#### [Brief]
Retype the listing exactly, minus its pictures.

#### [Source data]
+++
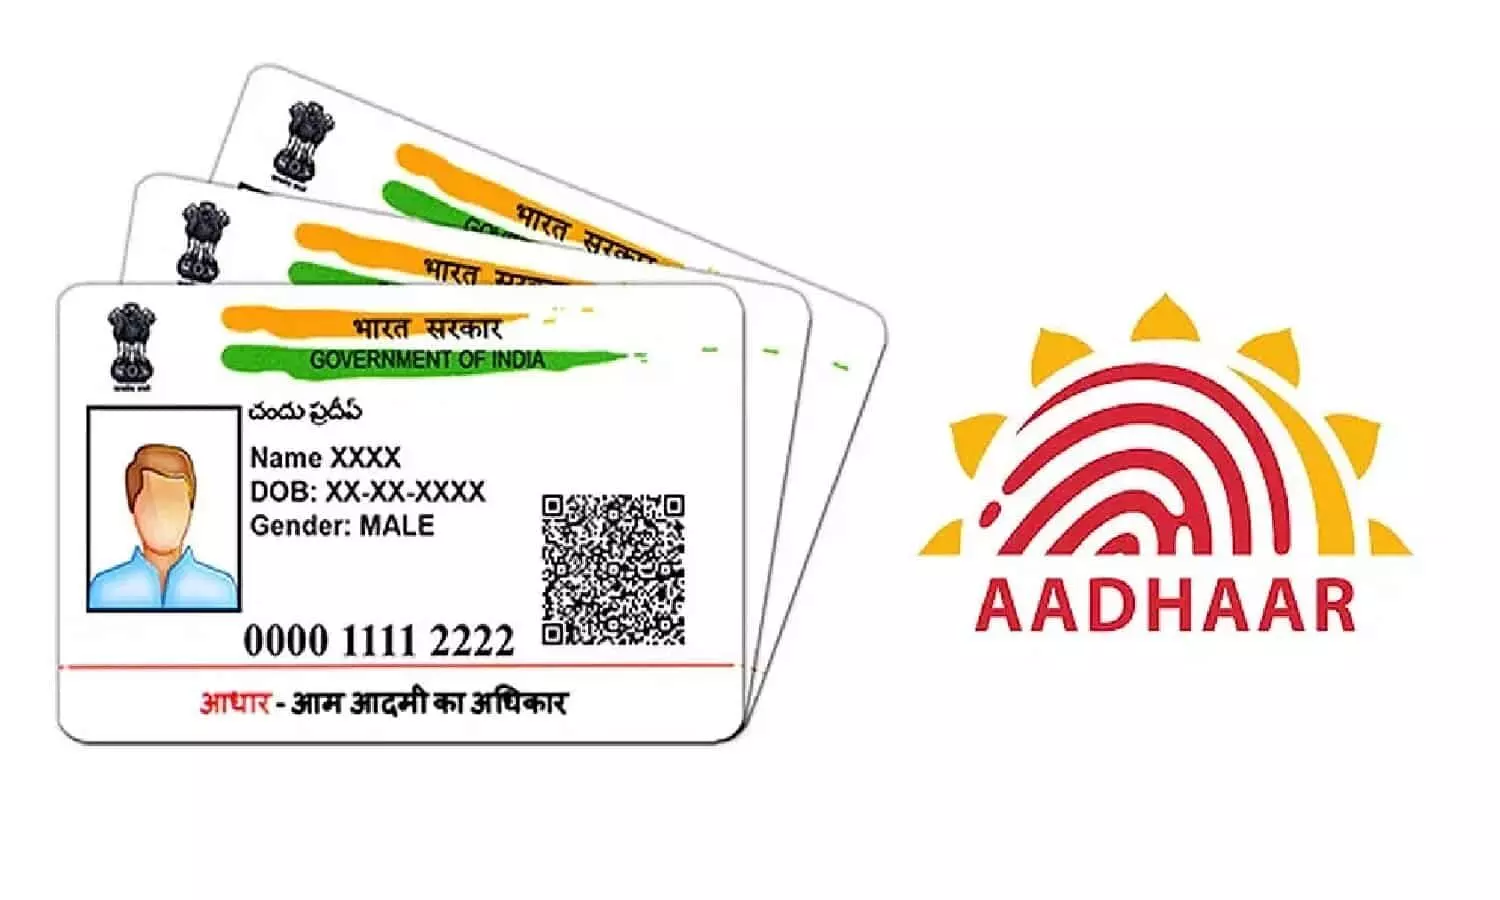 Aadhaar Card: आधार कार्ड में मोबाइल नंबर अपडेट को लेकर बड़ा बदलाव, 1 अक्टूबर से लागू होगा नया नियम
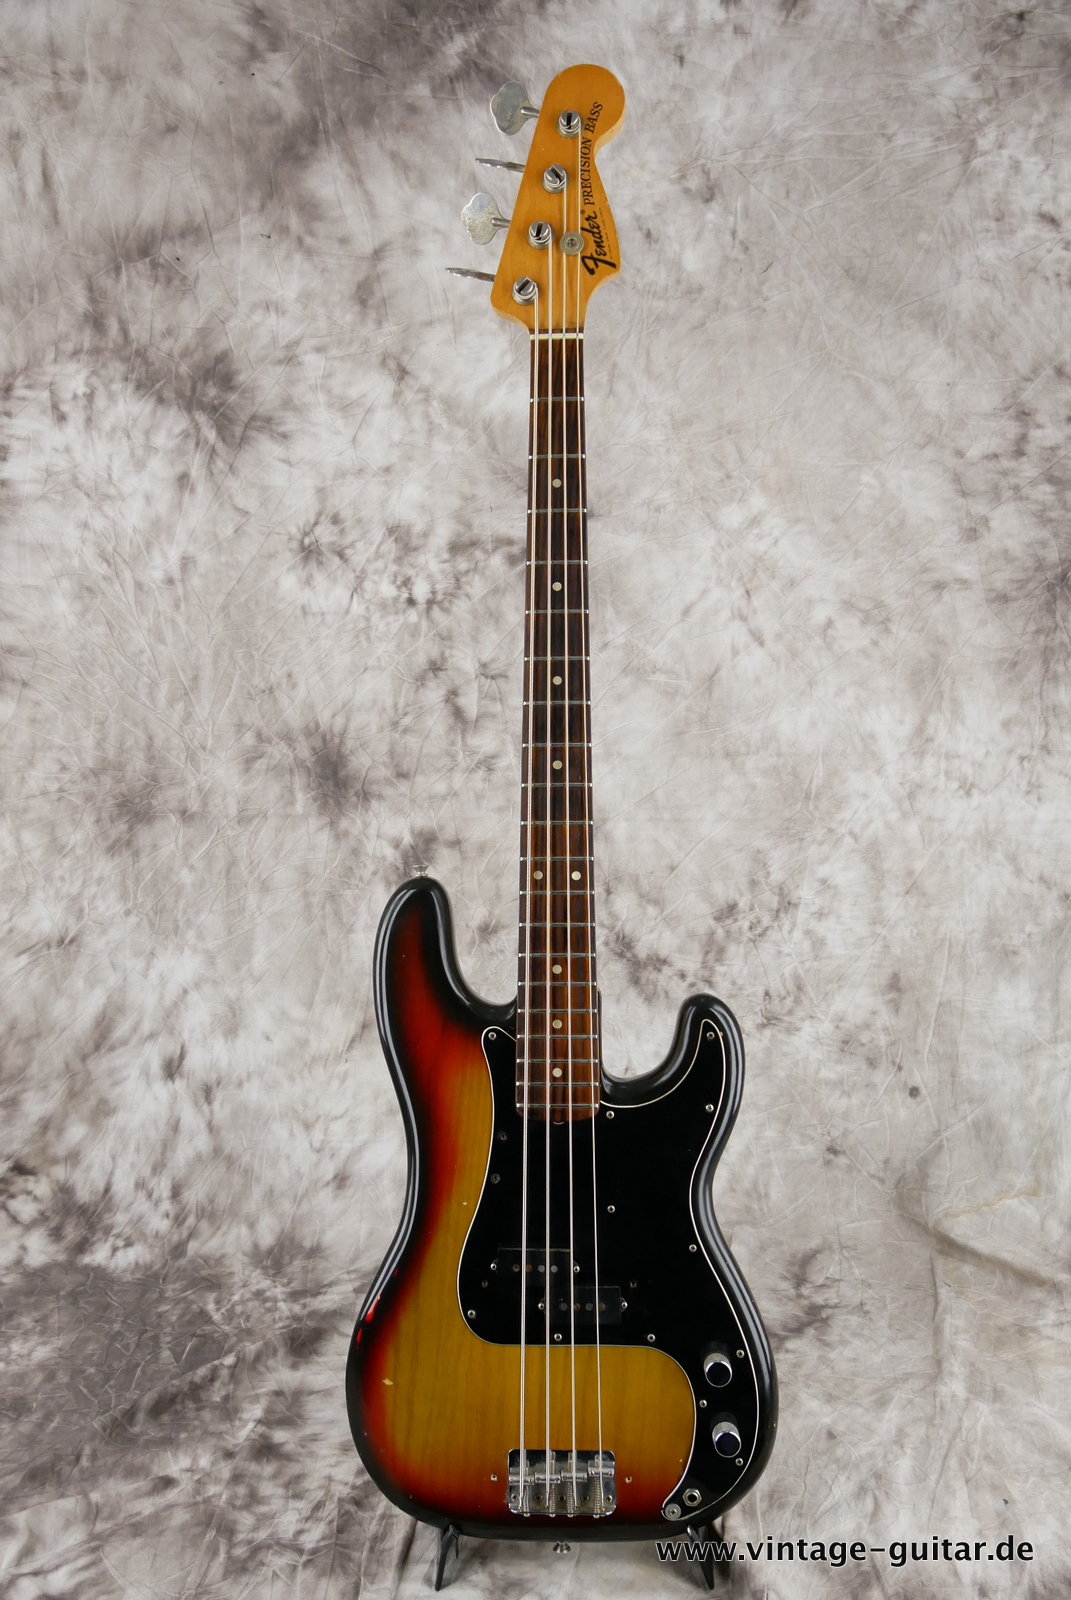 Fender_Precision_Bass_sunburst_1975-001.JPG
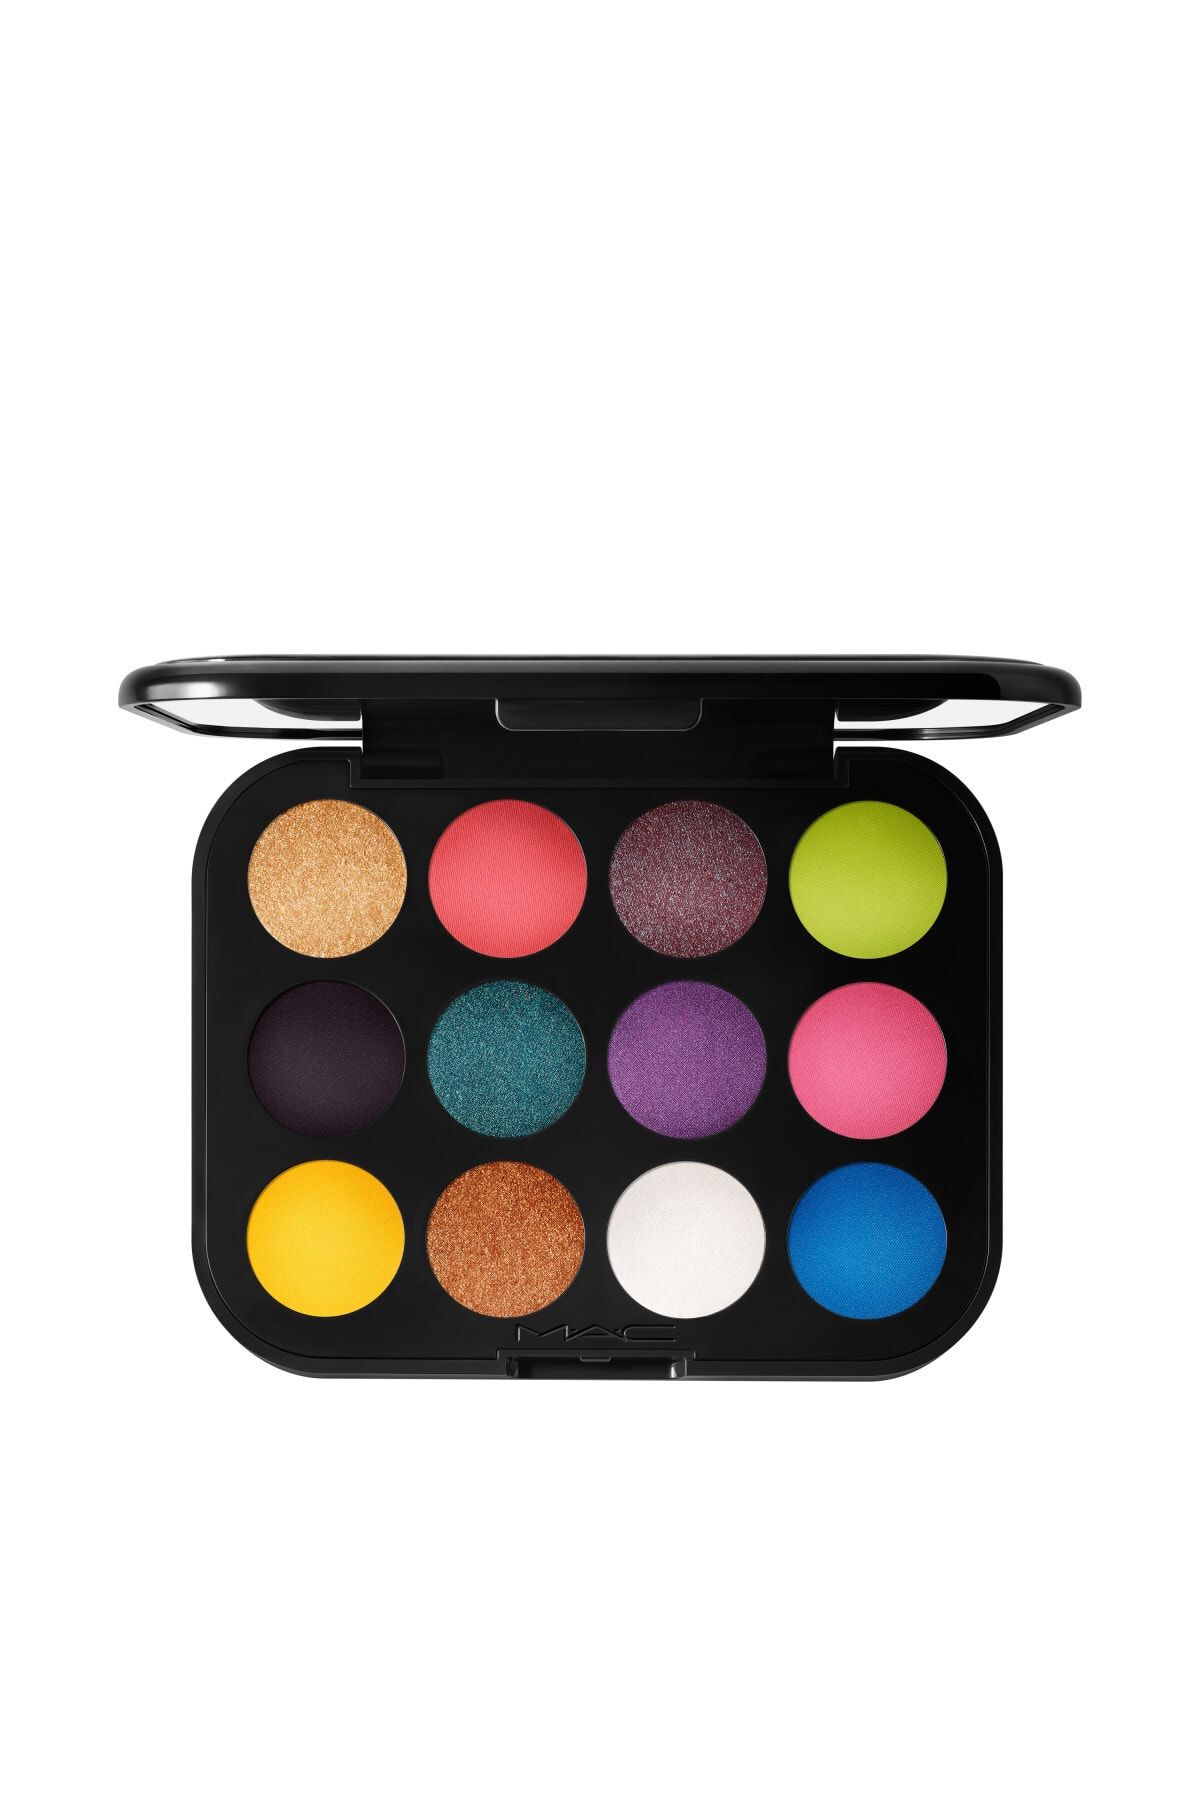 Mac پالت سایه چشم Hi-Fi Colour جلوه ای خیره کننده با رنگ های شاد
+++
#### [Response area]
 Aadhaar Card: आधार कार्ड में मोबाइल नंबर अपडेट को लेकर बड़ा बदलाव, 1 अक्टूबर से लागू होगा नया नियम
 Fender_Precision_Bass_sunburst_1975-001.JPG
 Mac پالت سایه چشم Hi-Fi Colour جلوه ای خیره کننده با رنگ های شاد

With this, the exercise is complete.